## What the exercise asks
In the material below, find the line containing "Empty white medical" and the line containing "Free Peanut Butter SVG File". Output those two lines and all lines between them exactly, without pictures.

## Records to use
──────────
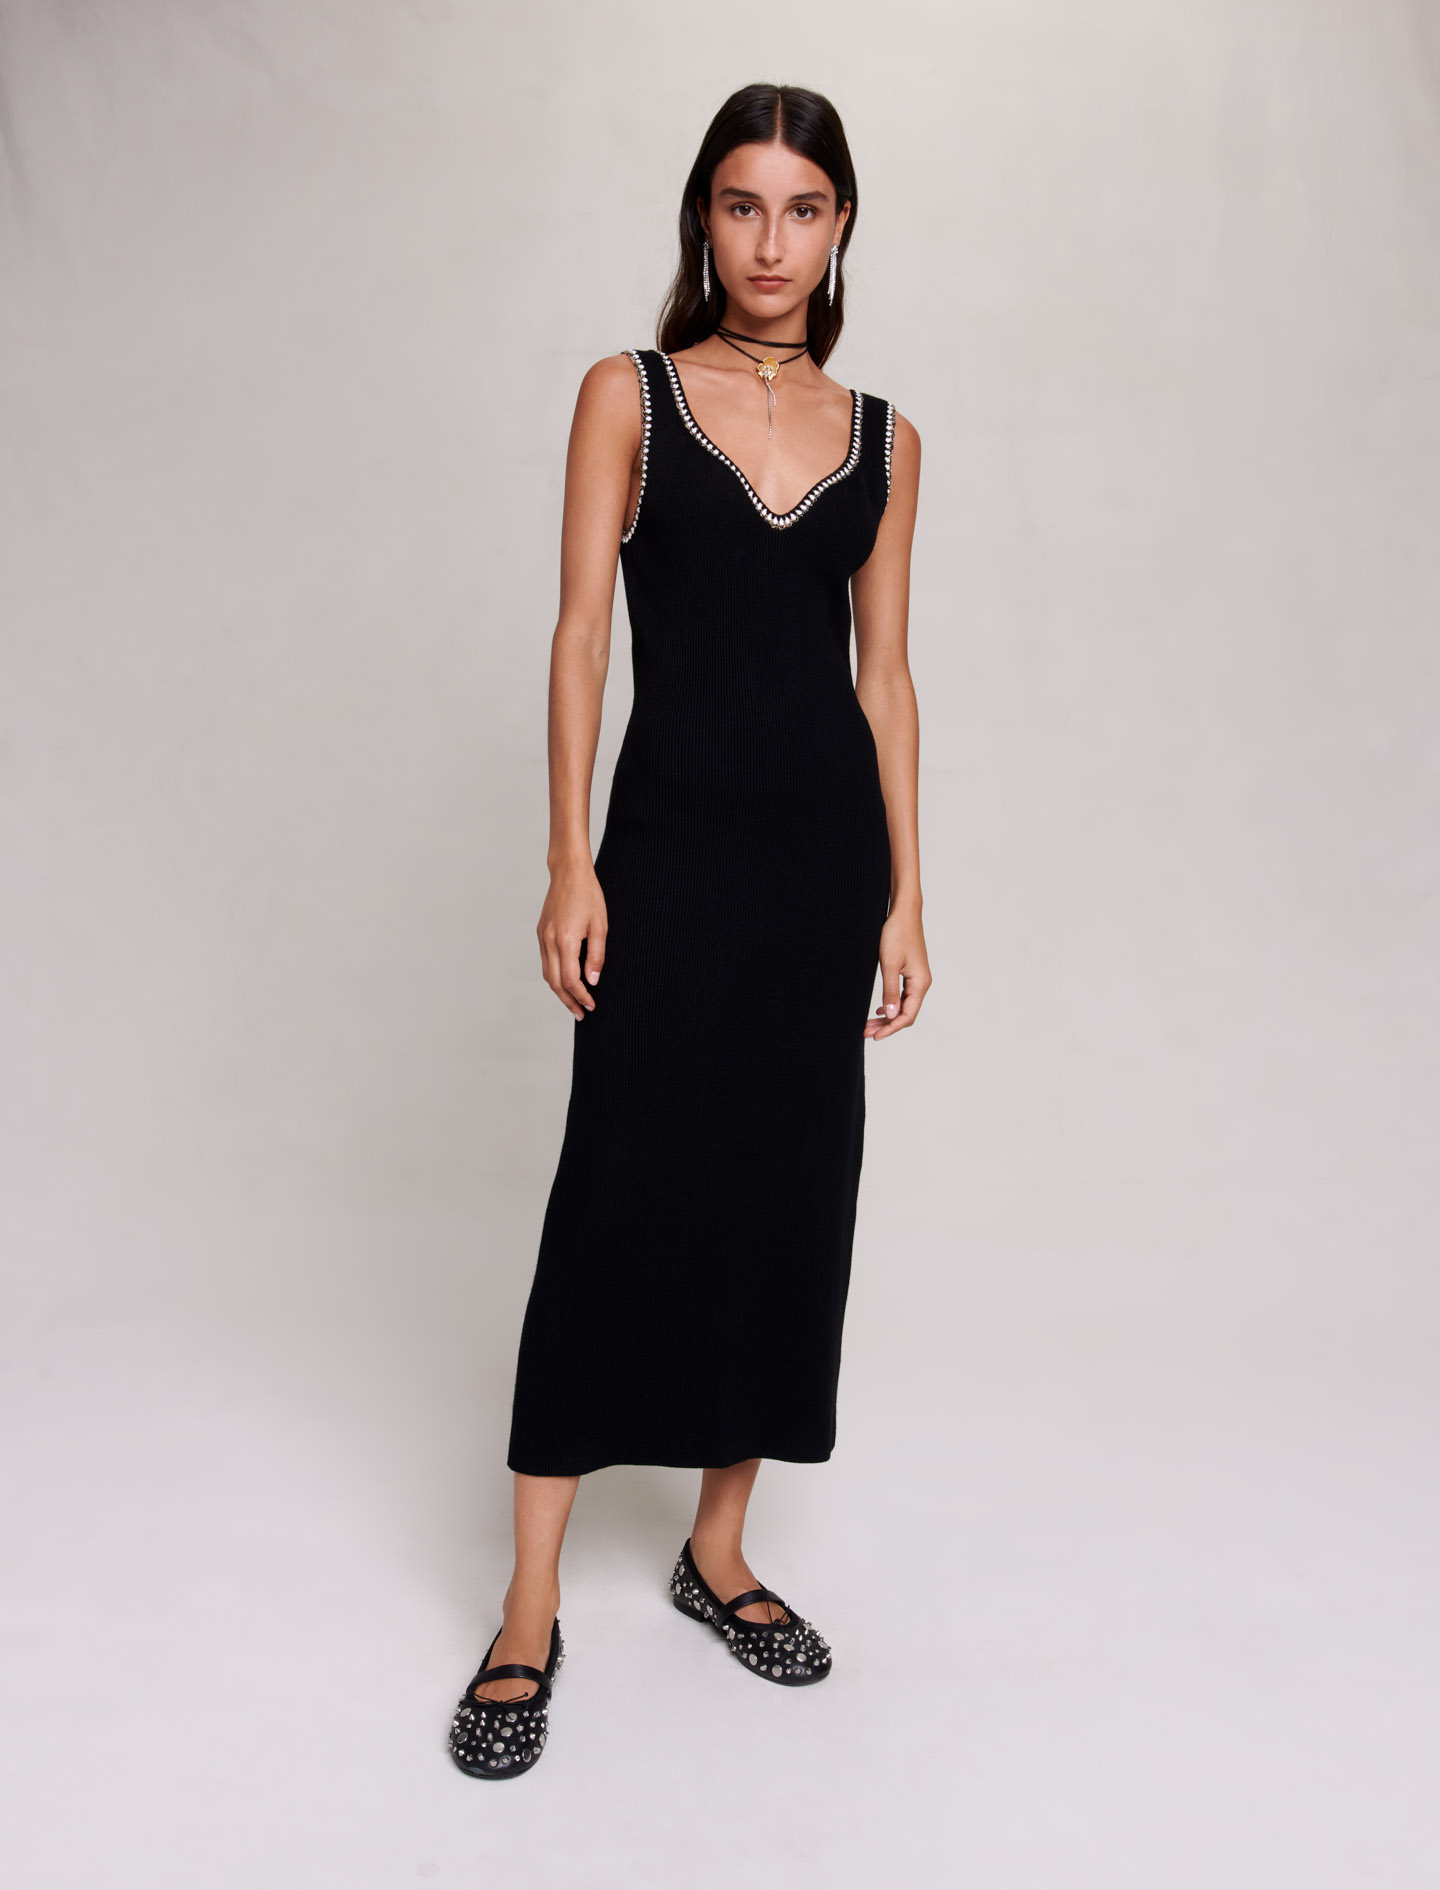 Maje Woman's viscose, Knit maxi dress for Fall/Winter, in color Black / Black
──────────
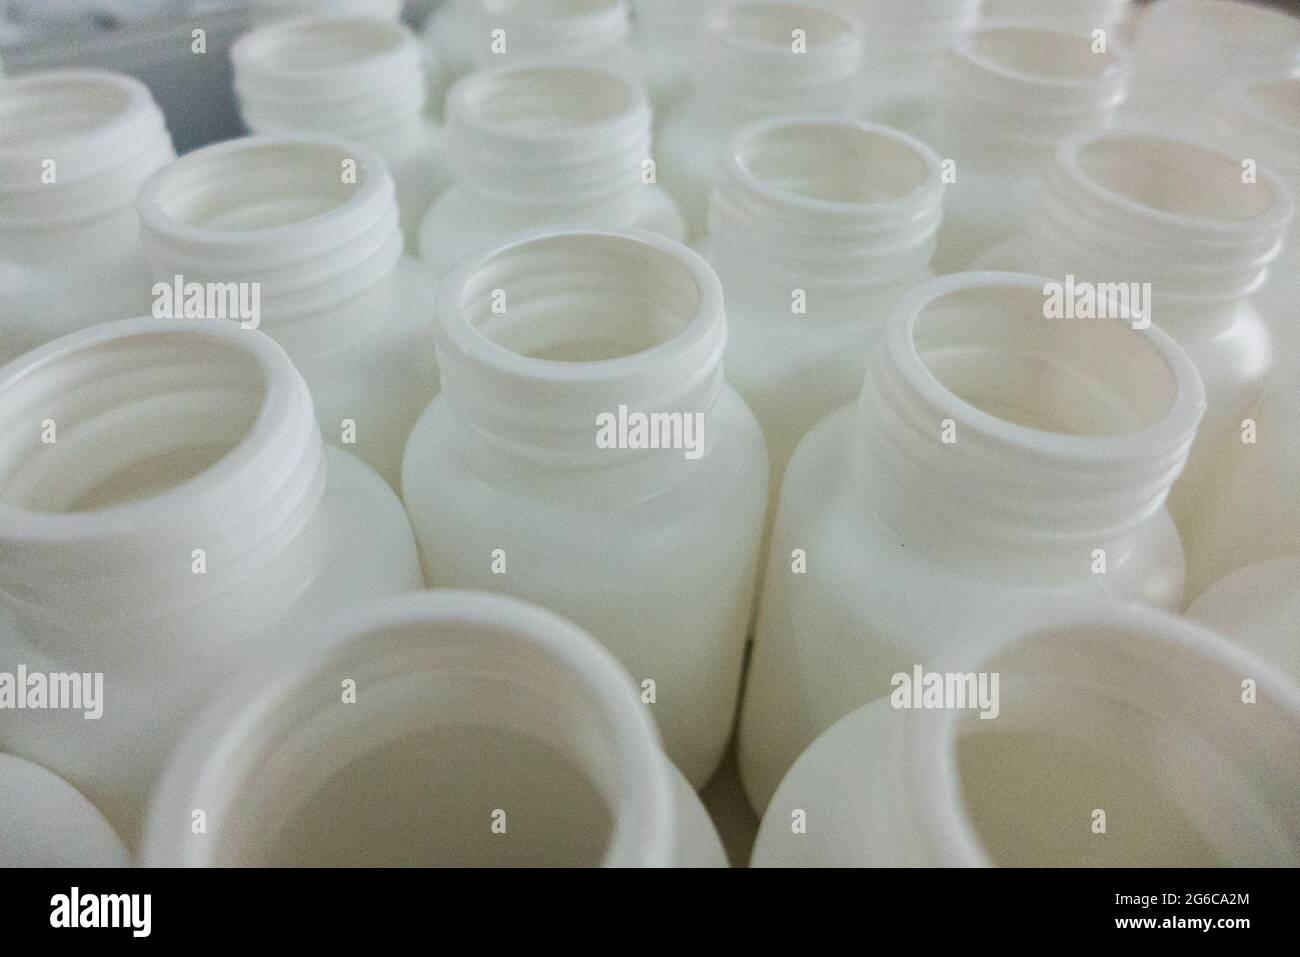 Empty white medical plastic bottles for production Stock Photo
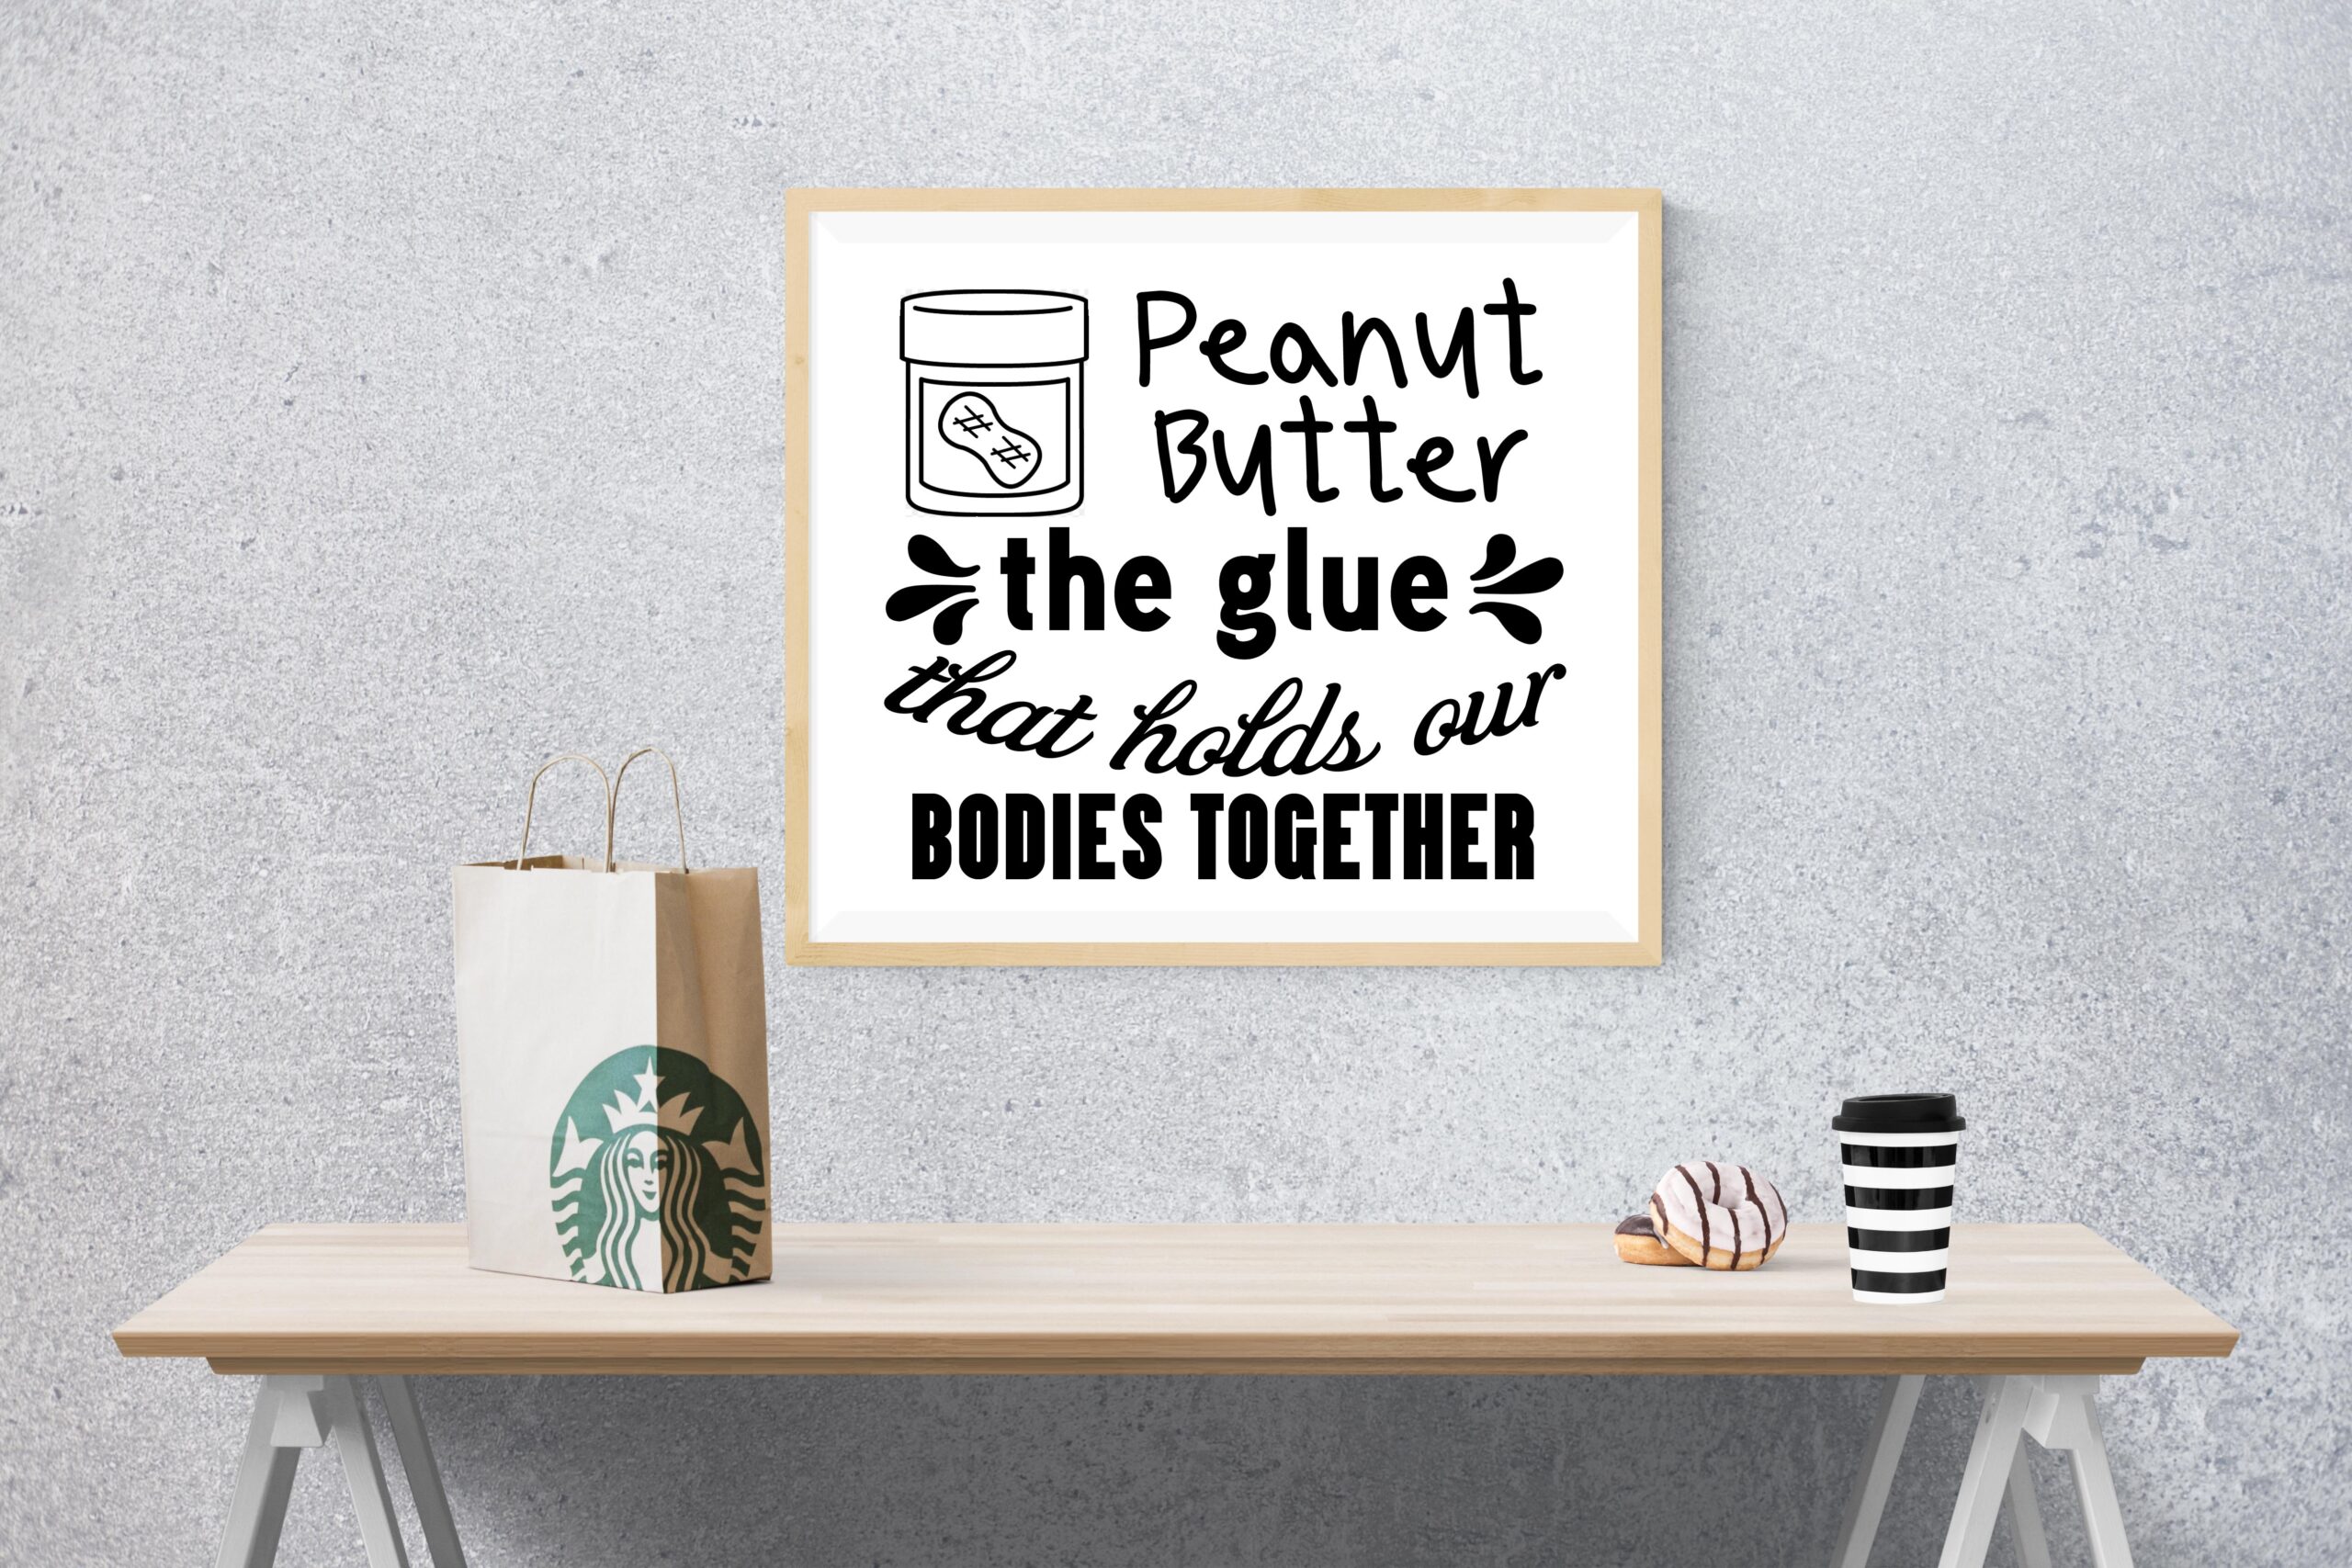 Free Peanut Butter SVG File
──────────
## Answer area
 Empty white medical plastic bottles for production Stock Photo
 Free Peanut Butter SVG File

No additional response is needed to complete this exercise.